Foody Almanac : Hoy Heng, Lest We Forget

Anyone who’s met me will know when it comes to relationships I’m punching well above my weight.

A beautiful, vivacious and stunningly intelligent woman from honest western-districts bloodlines, my wife was educated at an elite Melbourne public school, edited a number of Arts publications and is often less than six-degrees separated from most of Melbourne’s entertainment movers and shakers.

I tell you this because if her husband being a “sports-media” person (with the fingers doing the air-talking quotes and everything) and taking her to a footy game as part of the courtship didn’t raise enough eyebrows, that he hails from Werribee is the pièce-de-résistance in her perceived downward spiral in some quarters.

In the early days of our courtship there were two Steves in her life and both of us were from Werribee.
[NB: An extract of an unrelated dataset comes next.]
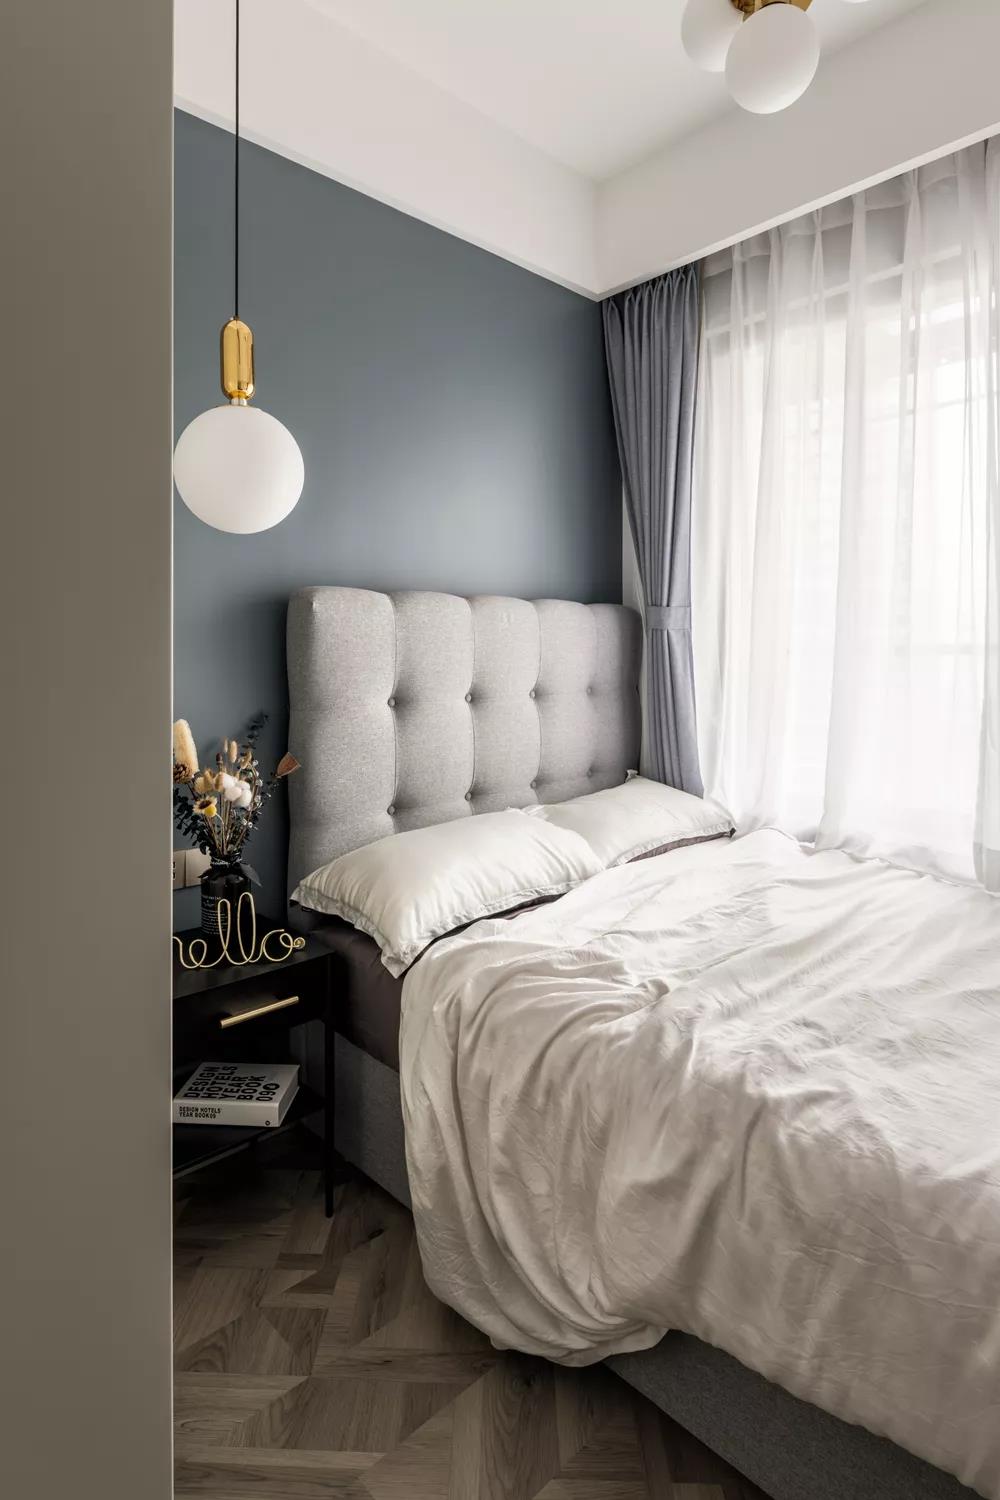 次卧是男孩房，雾霾蓝的墙漆显得宁静优雅，再加上浅灰色的床和窗帘，白色的床品、纱帘，营造出一种简约、轻松的感觉。

In order to differentiate between us in conversation, I was simply ‘Steve’ and the other Steve became ‘Werribee Steve’ – to avoid any confusion, I’m sure (Werribee Steve and I had even been to Uni together).

In a conversation with Werribee Steve one time, my wife turned down an invitation to catch up with him for a drink one Friday night: “I’m off to Master Wok in Werribee with Steve and his parents,” she says, politely declining. “Ahhh!” says Werribee Steve knowingly, “Master Wok: The Flower Drum of Werribee…”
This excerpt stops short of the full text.